Methodological Strengths

  • Very large, national, propensity score-matched cohorts enabling head-to-head comparisons.
  • Time-to-event analysis with Cox models and adjustment for confounding.

Limitations

  • Observational design susceptible to residual confounding and channeling bias.
  • Details of microvascular composite definitions and subgroup effects are not fully elaborated.

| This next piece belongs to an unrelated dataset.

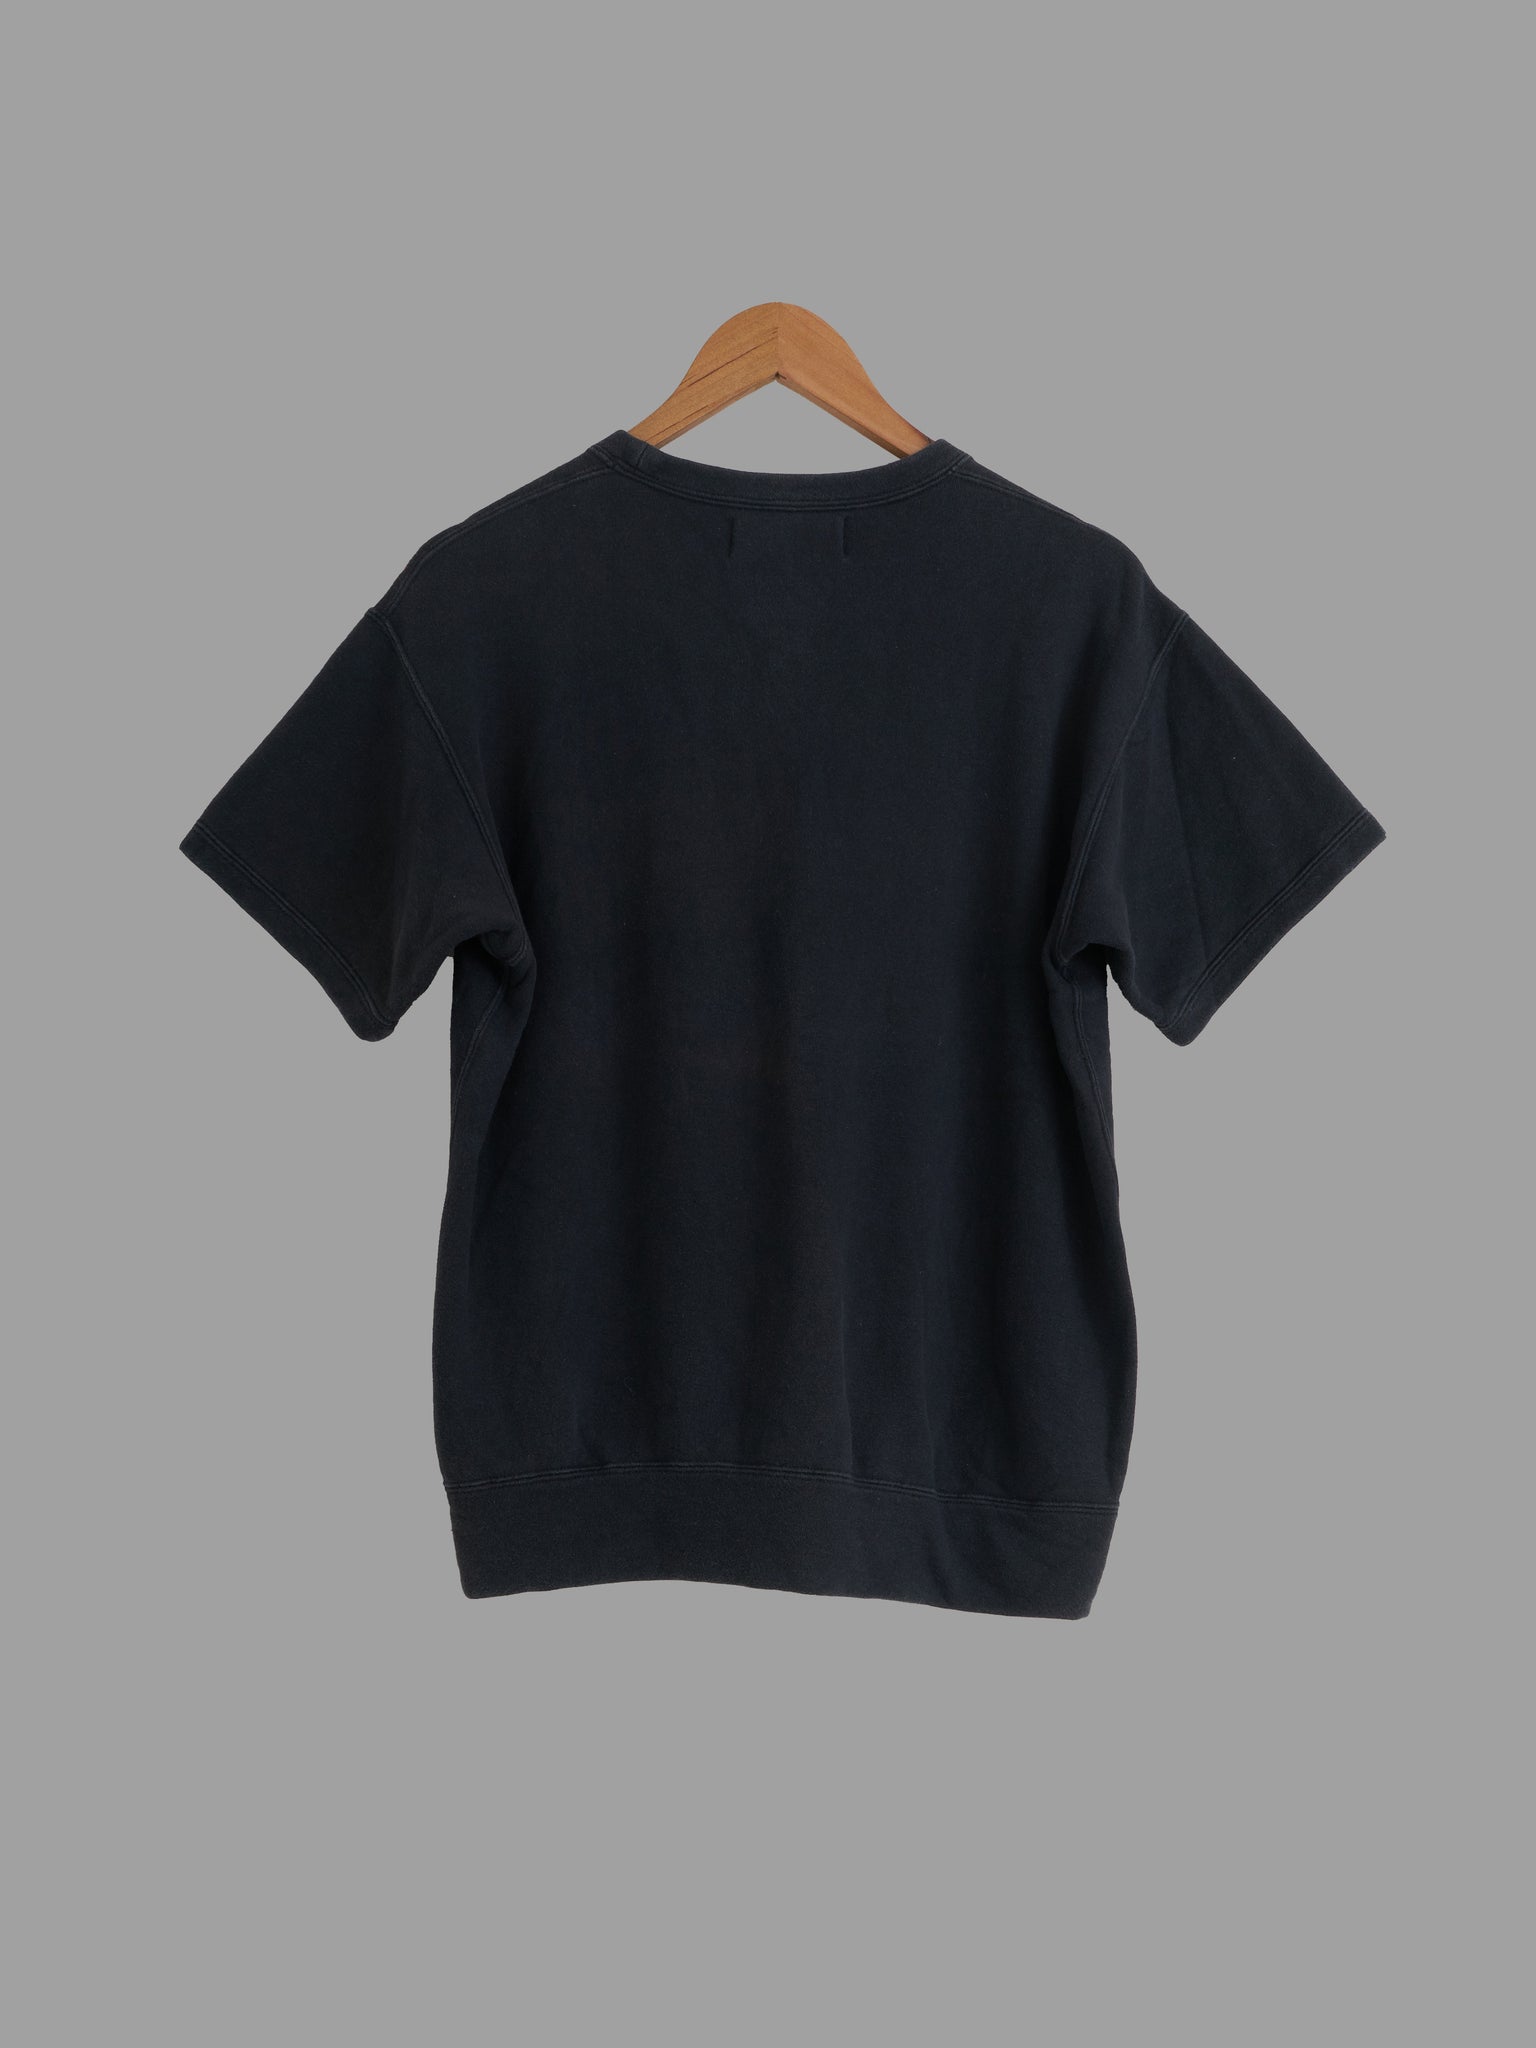 Tricot Comme des Garcons 1980s dark navy cotton short sleeve sweatshirt
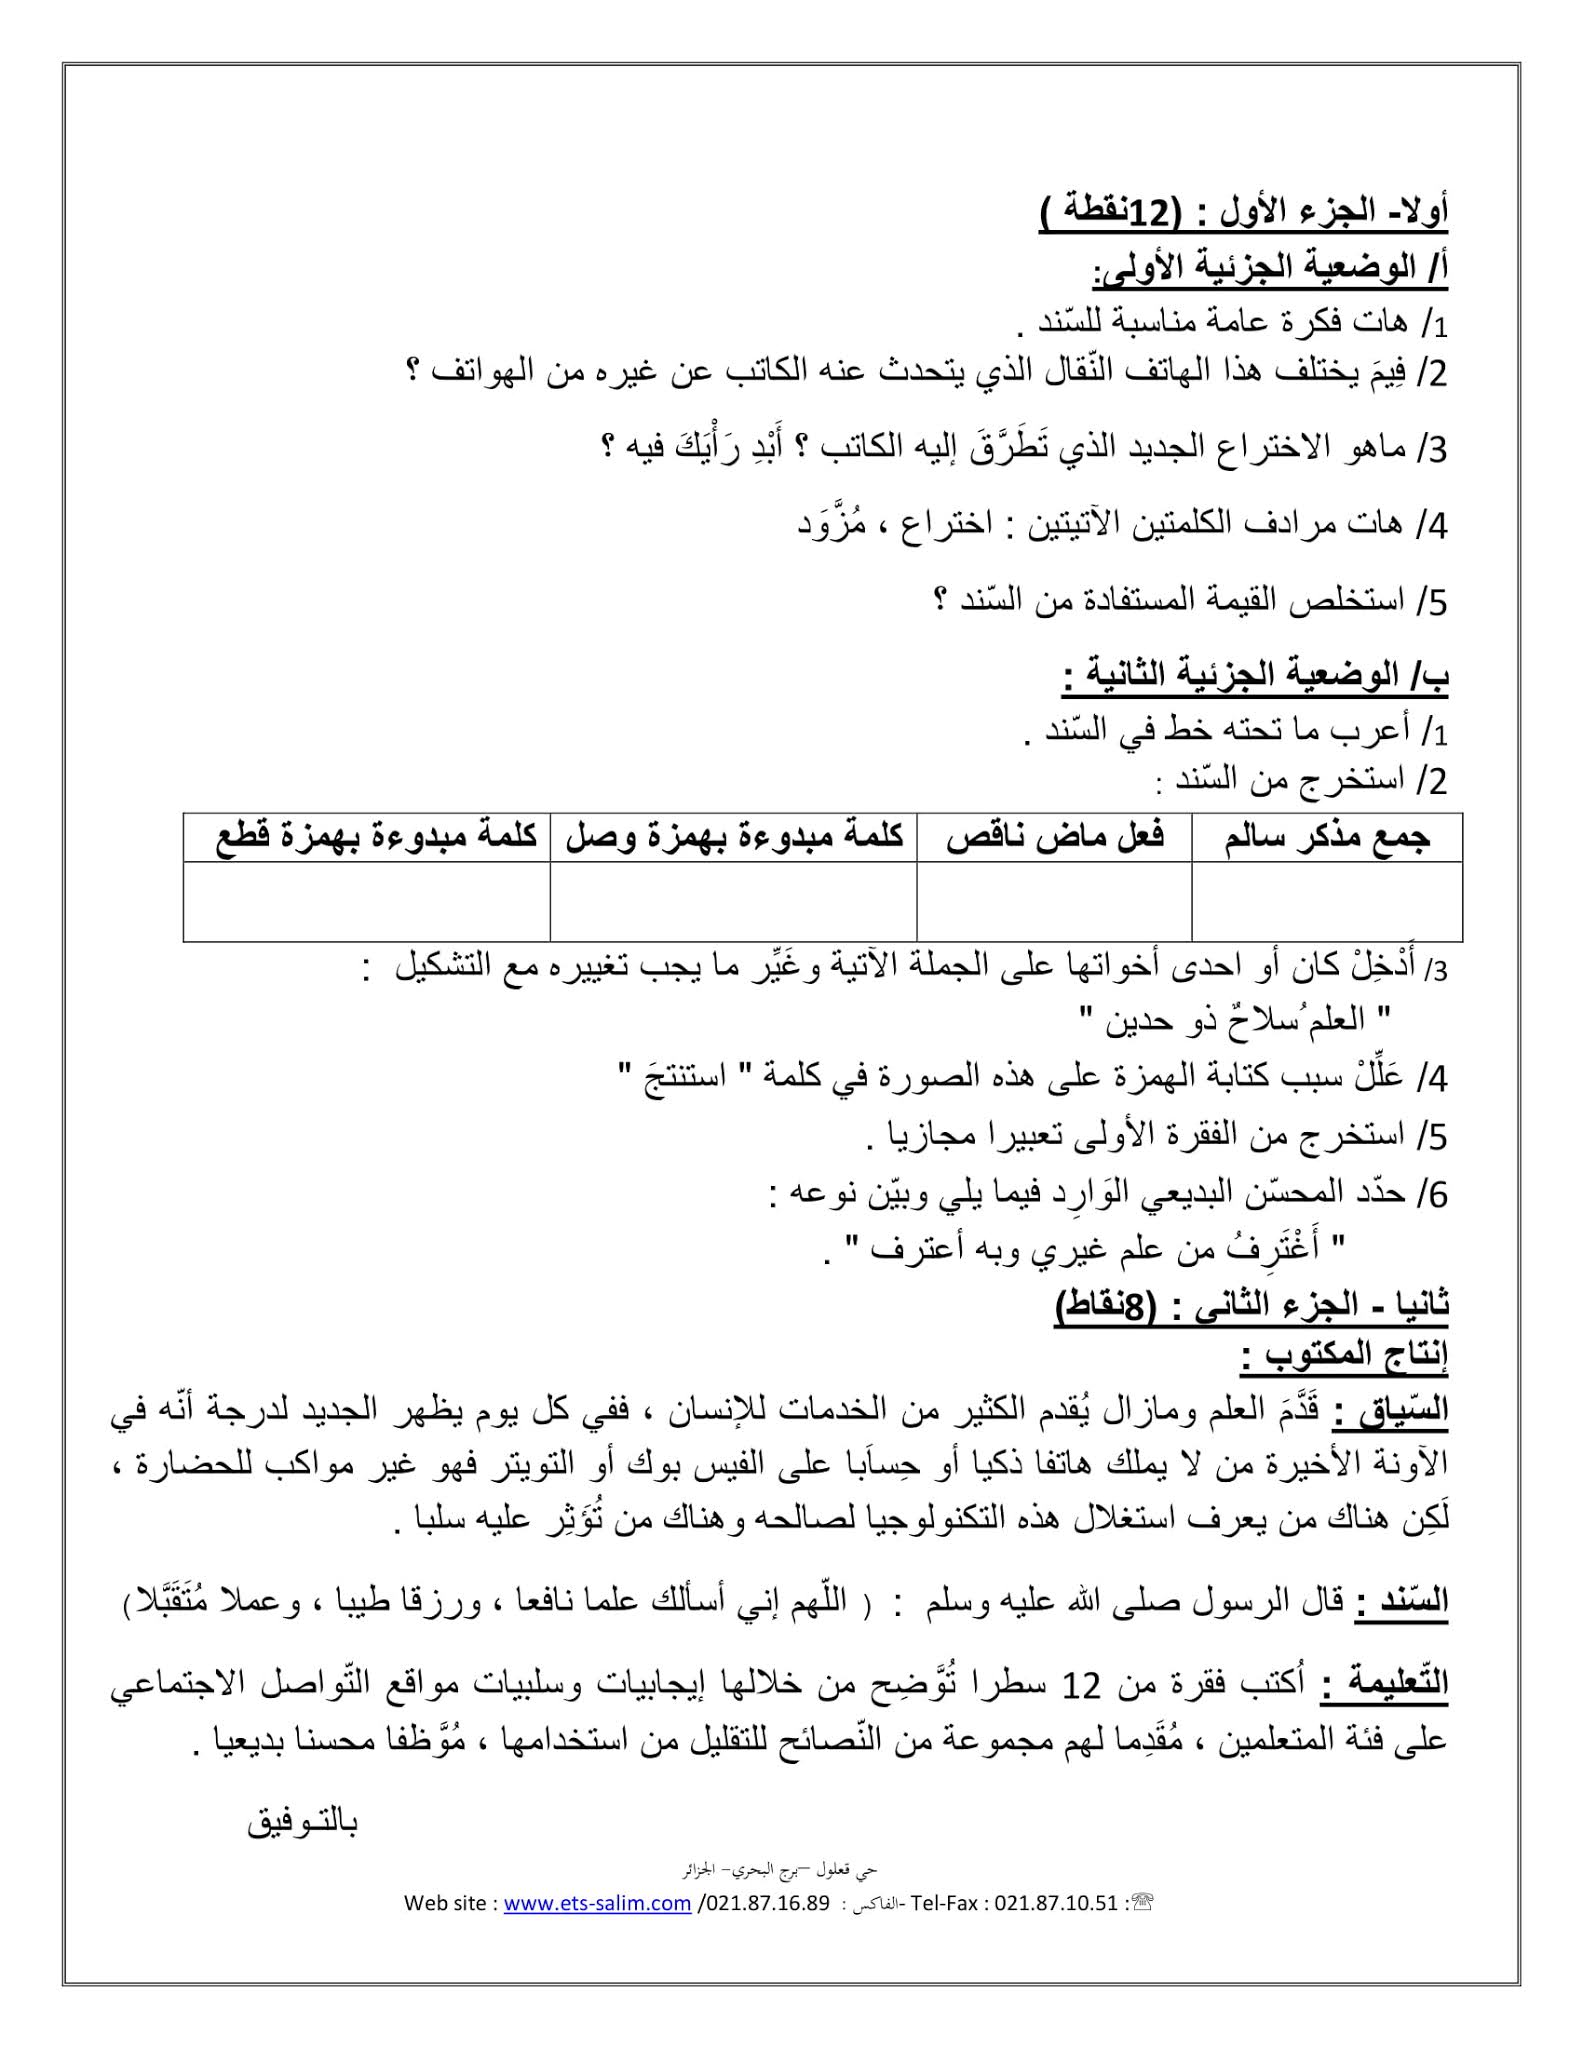 إختبار اللغة العربية الفصل الثاني للسنة الأولى متوسط - الجيل الثاني نموذج 5

Future Directions: Head-to-head randomized trials of SGLT2 inhibitors versus GLP-1 RAs added to insulin are needed, with mechanistic endpoints and safety profiling (including DKA and renal outcomes).

3. Predictors of diabetic ketoacidosis in patients with insulin-deficient diabetes phenotype initiating SGLT2 inhibitors.

70Level IIICohortDiabetes, obesity & metabolism · 2025PMID: 40536128

Among insulin-deficient diabetes phenotypes, SGLT2 inhibitor initiation was associated with a higher DKA risk (aHR 1.50) over a median 4.4 years. Poor glycemic control (HbA1c >9%) and lower BMI (≤25 kg/m²) further heightened risk, supporting targeted risk mitigation when prescribing SGLT2 inhibitors.

Impact: The study refines safety profiling for SGLT2 inhibitors by quantifying DKA risk in a high-risk phenotype and identifying practical predictors for clinical triage.

Clinical Implications: In patients with insulin-deficient features, consider enhanced DKA education, ketone monitoring, and avoidance of precipitants (low-carbohydrate intake, dehydration, intercurrent illness). Defer or closely monitor SGLT2 inhibitor use in those with HbA1c >9% or BMI ≤25 kg/m², and establish sick-day rules and rapid cessation protocols.

Key Findings

  • SGLT2 inhibitor use increased DKA risk vs non-use in insulin-deficient phenotype (aHR 1.50; 95% CI 1.15–1.95).
  • Over median 4.4 years, DKA occurred in 2.22% of SGLT2 users vs 1.54% of non-users (unadjusted HR 1.39).
  • Baseline HbA1c >9% increased DKA risk by 53% (aHR 1.53); lower BMI (≤25 kg/m²) was also associated with higher risk.
  • Analysis based on 6,572 SGLT2 users and 6,382 matched non-users from an initial cohort of 31,900.

Methodological Strengths

  • Large matched cohort with phenotype-based inclusion and time-to-event modeling.
  • Clear primary endpoint (first DKA) and multivariable Cox adjustment.

Limitations

  • Retrospective design with potential misclassification of phenotype and DKA events.
  • Generalizability may be limited to similar healthcare settings; some predictors (e.g., BMI cutoff) were truncated in reporting.

Future Directions: Prospective validation of a DKA risk score integrating HbA1c, BMI, ketone history, and behavioral factors; evaluate mitigation bundles (education, ketone monitoring) alongside SGLT2 initiation.